What is it & Why it matters?
That is a User Account Control prompt, home users with an admin account would have seen this prompt at some point in time. For windows sys-admins, there are risks of running malicious payloads that bypass UAC & execute malicious tasks (eg. a ransomware).
At the time of writing, there were 44 bypass methods consolidated into one single test tool from UACme project.
There were “unfix” 15 occurrences on UACme README page. This means there are no fixes for those 15 methods because Microsoft does not consider them as vulnerabilities.
The source codes of these bypass methods are open-sourced & reusing these bypass codes is highly probable. As such, it is worthwhile to understand the differences between legitimate UAC elevation & a bypass.
What to look for?
Look out for:
- Process start & end timing of consent.exe, a bypass happens very quickly within the same second (in the order of milliseconds), while a legitimate elevation involving a human user will typically be two (without typing credentials, just click [Yes]) or more seconds apart. Let’s say a user could have cancelled the consent prompt very quickly, then we have to look at the other two aspects.
- Cross-process activities (eg. creation of remote threads, changes in rights) between & after the start & end of consent.exe. Bypasses tend to have complex sequences but legit UAC elevations are simpler.

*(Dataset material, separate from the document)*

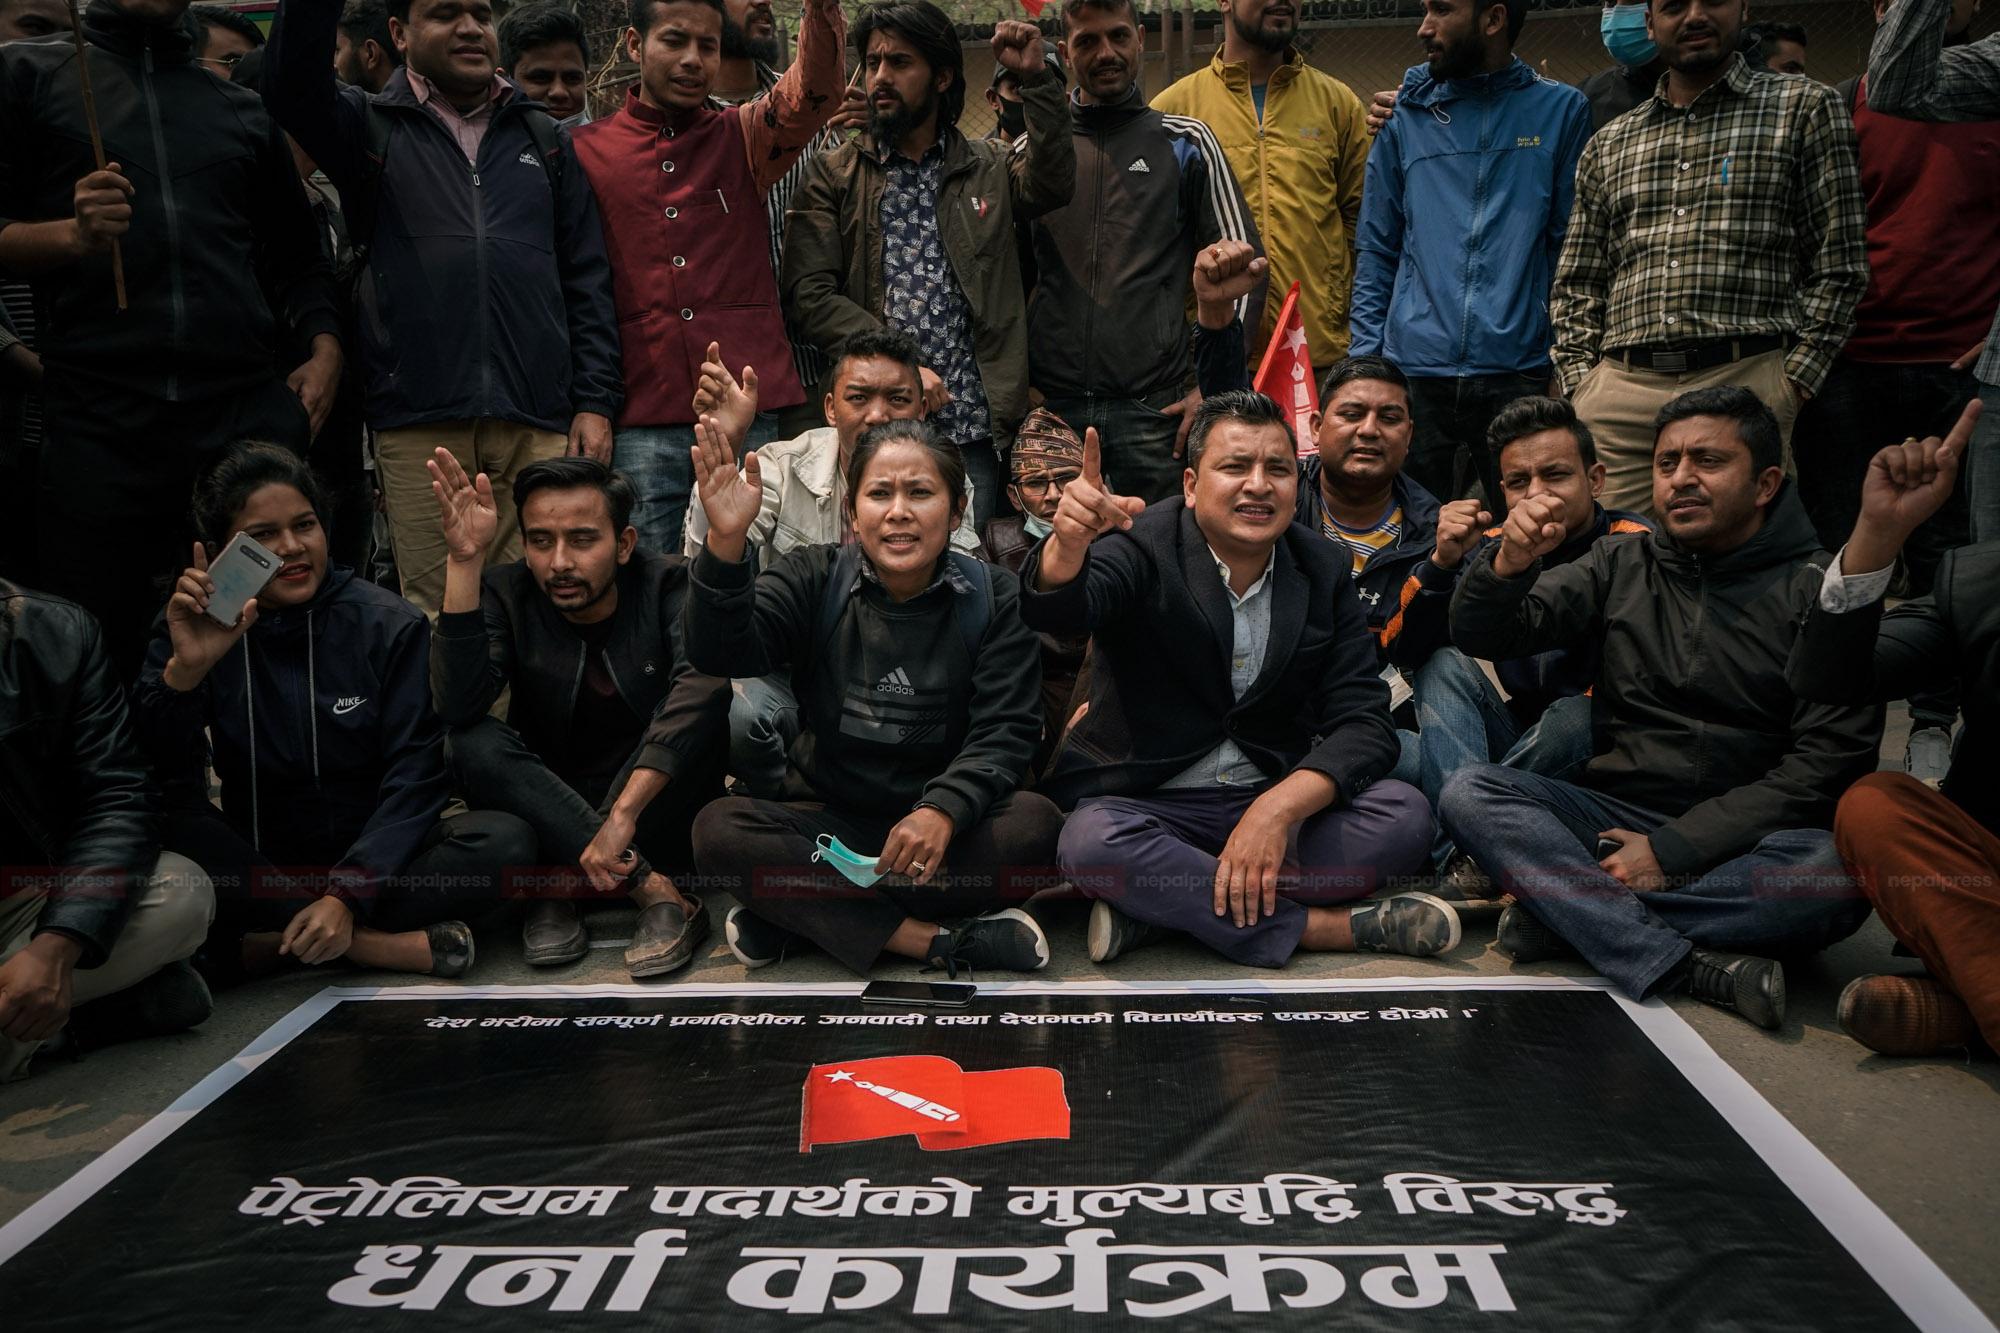 माधव नेपाल पक्षधर विद्यार्थीद्वारा आयल निगम घेराउ

- The consequent process that is elevated with higher process integrity level but owned by user (& NOT SYSTEM which is typical of kernel-related exploits). For “living-off-the-land” MO, the elevated process could be various Microsoft signed binaries that load arbitrary DLLs or equivalent, or scripting with CMD, Powershell, C/WScript, MSHTA. For drop-&-execute cases, it could be a executable file with a hash checksum that is first seen (or rare) in the environment.
How?
I ran the UACme test harness (akagi64.exe) on a Virtual Machine installed with Carbon Black Response for this analysis. This is NOT a sponsored post but permission was sought from Carbon Black.
We can observe all these with tools like Procmon, Windows Audit & Sysmon logs but it is a matter of productivity, budget, learning curve (I can’t remember event-IDs), effort to deploy & configure different tools just to connect the dots together. In my case, I had the luxury of using Carbon Black Response which significantly shortened my time to gather these insights.
Where to begin?
With the shortage of security folks to keep up with offensive techniques, threat intelligence in the form of vetted queries are useful. Note the source column (cbcommunity, sans & bit9endpointvisibility) of the alerts listed below:
Although we can argue that attackers may not run a stock (unmodified) akagi64.exe, the subsequent alerts gave me good starting points for digging further. We can click on the Source Report links (eg. MSCFile Regmod for UAC bypass) to read & further understand some technical background.
Look for Commonalities…
After running through all the bypass methods & studying the related event time-lines, I noticed two things with the SVCHOST event time-line:
Observation 1 — A number of activities happen between start & end of consent.exe
In this case, the method abuses sdbinst.exe, there are other methods using different Windows system components (typically with manifest that had AutoElevated attribute set to true). Other methods have more complex sequences, like the next one.
Observation 2 — One or more consent.exe process(es) start & end happened within a short span of time
In this case, consent.exe was started twice but notice the time stamps on the left, most of the events happen within the same second, the first 3 rows with 02:25:25 & subsequent 02:25:26.
It’s all about timing…
After running the various bypass methods, it was a matter of a few clicks within Carbon Black Response to review all the consent.exe timings related to UACme executions:
Having seen the timings of bypasses, one will be inclined to ask: how does a legit UAC elevation look like? Let’s look at some common UAC elevation use-cases.
Regedit
First, an elevated Regedit from Windows 10:
This differs from Windows 7 which has explorer.exe as parent process of regedit, but the focus is still on SVCHOST’s timeline:
Notice the timestamps highlighted in the red box; 2 seconds apart. A user (in this case me) will take some time to click the UAC prompt. The sequence is quite straight forward.
Admin CMD Console (Windows client)
How about the Run As Administrator for CMD.exe use-case?
Again, the time difference between process start & end was 2 seconds.
For both cases Regedit and Cmd, the sequence was short & simple, when consent.exe ended, thread injections from SVCHOST to the target processes are observed.
Program Installer
How about running an program installer (with that little shield icon) after UAC elevation?
Just like CMD & Regedit, the process was owned by admin user (q in this case) & not SYSTEM.
Again, SVCHOST injected new thread into setup_timefreeze.exe. Consent started at 05:32:32 & ended at 05:32:34, two seconds apart.
Maybe someone can click [Yes] faster than me but it is unlikely to be in the order of milliseconds. If one has to type in credentials (with fingers), it will take longer than 2 seconds.
Generalised Detection
Over time, more bypass methods will surface but regardless of the system tools & execution sequences involved, the “common denominator” is the very short time span of start & end of consent.exe. This insight will be useful for SIEM content & EDR queries development for automating detection.